Maria Telkes research on solar distillation is one of the first works that addresses the topic in a formal and referenced manner [1]. In her work, published in 1953, the author offers a simplified mathematical treatment of the solar distillation process, and reports the thermal efficiency of a single-effect insulated solar still apparatus, very similar to solar stills in use today.

The main components of a single-effect solar still are shown in Figure 1. It has a thermally insulated basin with a black absorber and covered with an inclined semitransparent condenser. Seawater is deposited in the basin. Solar energy passes through the condenser and water, and reaches the absorber that raises its temperature. Water is heated by the solar energy absorbed and evaporates. The water vapor condensates when it touches the inner surface of the condenser, and runs down to a collecting channel that drains the distilled water to an external container.

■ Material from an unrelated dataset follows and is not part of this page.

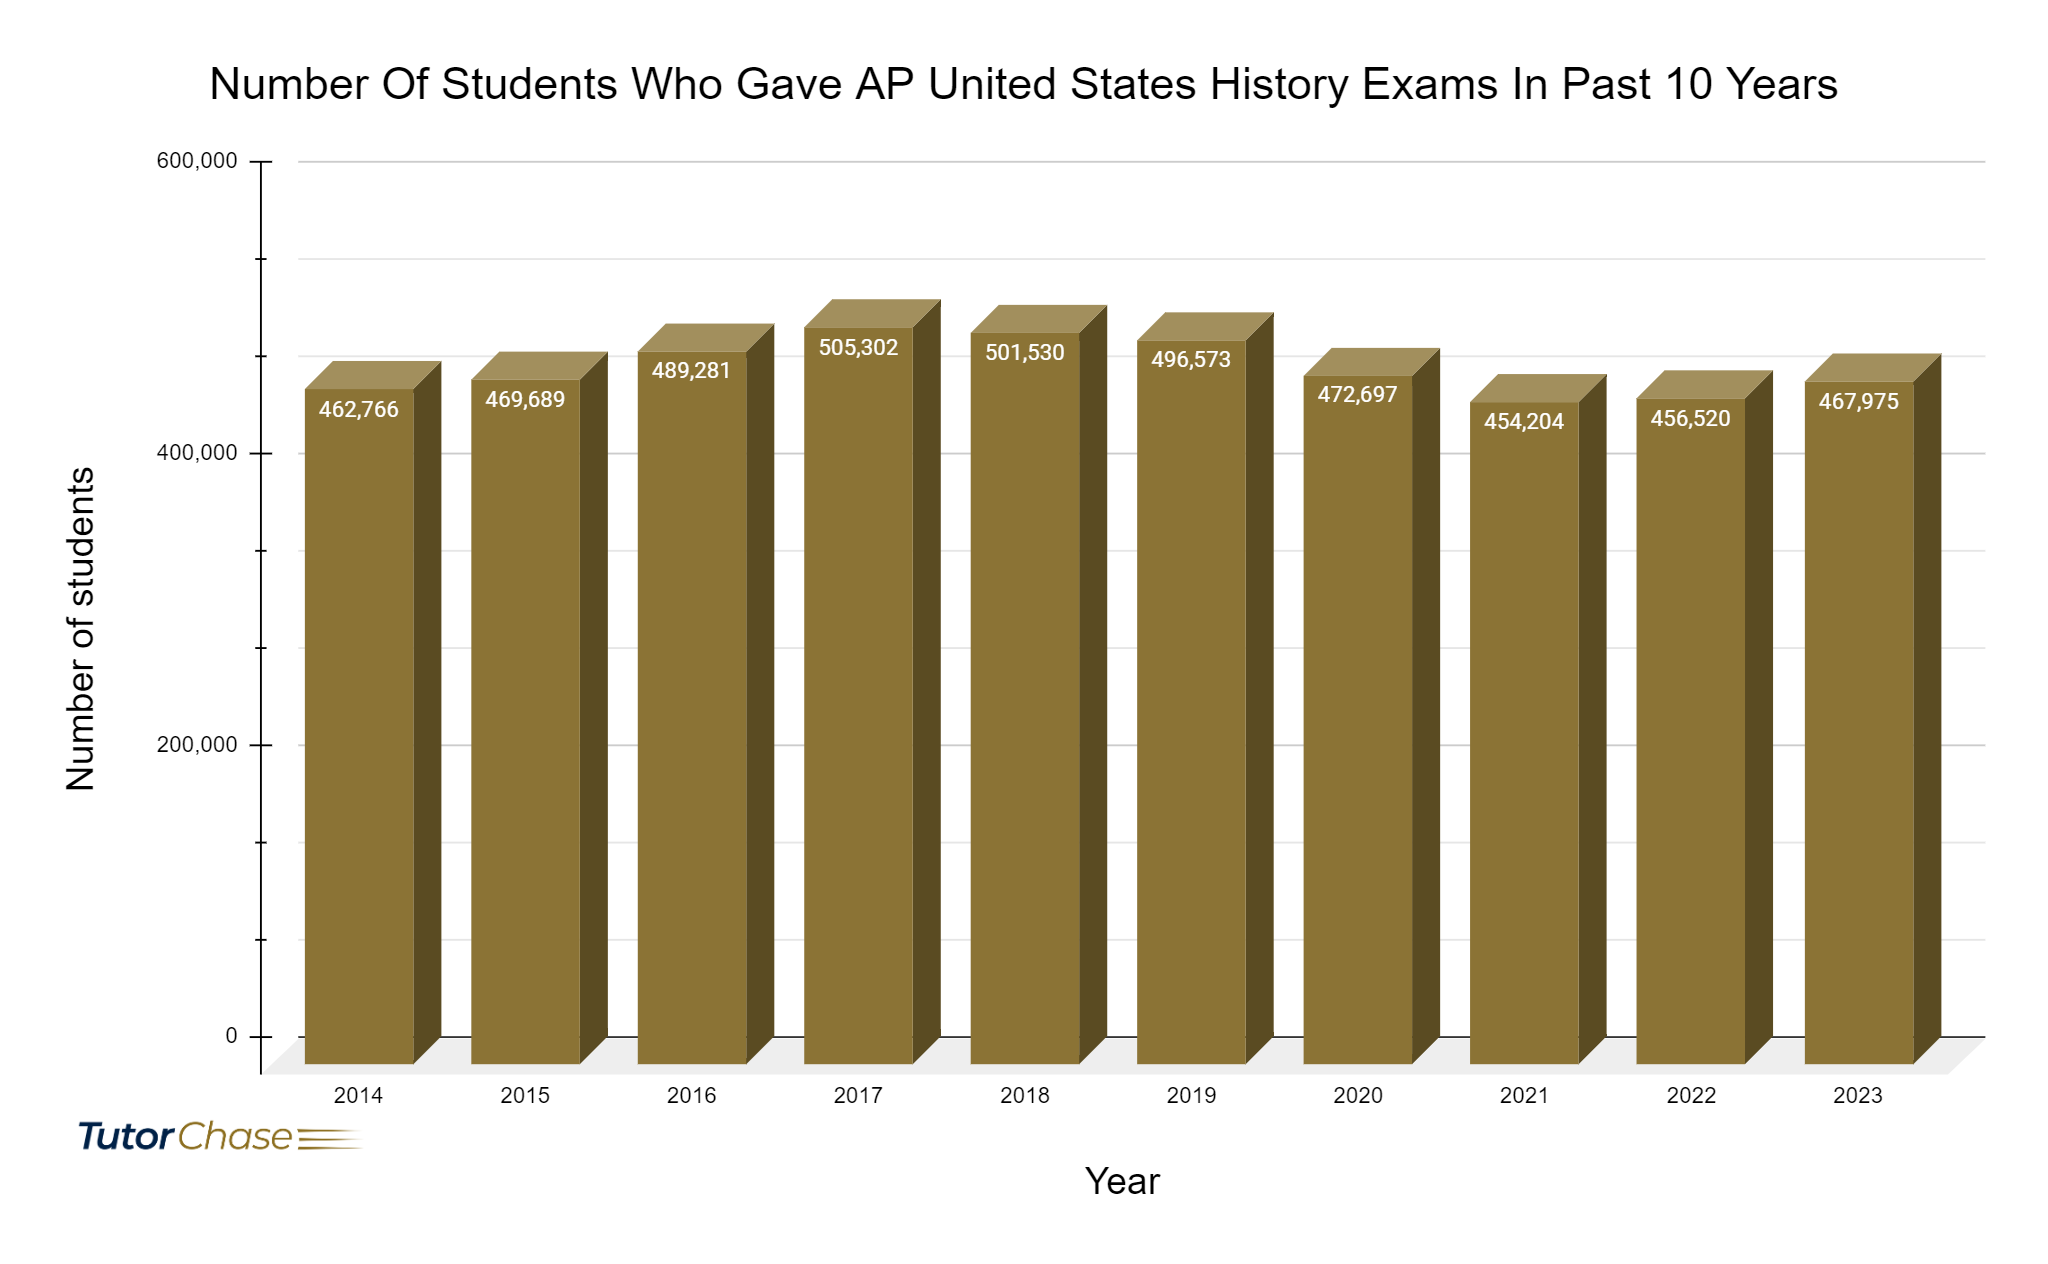 Number of students who gave AP United States History Exams

The maximum efficiency of this type of solar stills is about 34%, and productivity decreases significantly with increase in depth of basin water. It has been observed that highest distillate yield is obtained with cover condenser tilted same as latitude, and that thinner glass cover thickness increases production. Insulation plays an important role in solar distillation since it reduces heat losses through the bottom and side walls [2]. Subsequent research validates these results in similar climate [3].

2. Thermal Description of the Single-Effect Single-Slope Condenser Solar Still

Figure 2 shows the most widely used single-effect solar still where the main heat-transfer exchange modes can be observed. The characteristic feature of this still, also known as single-slope solar still, is the use of an inclined single-plate glass condenser. Mathematical relations that describe its thermal operation are based on equations that result from an energy balance obtained from a lumped-parameter analysis. For this type of apparatus, three expressions are derived concerning each of the main components of the still.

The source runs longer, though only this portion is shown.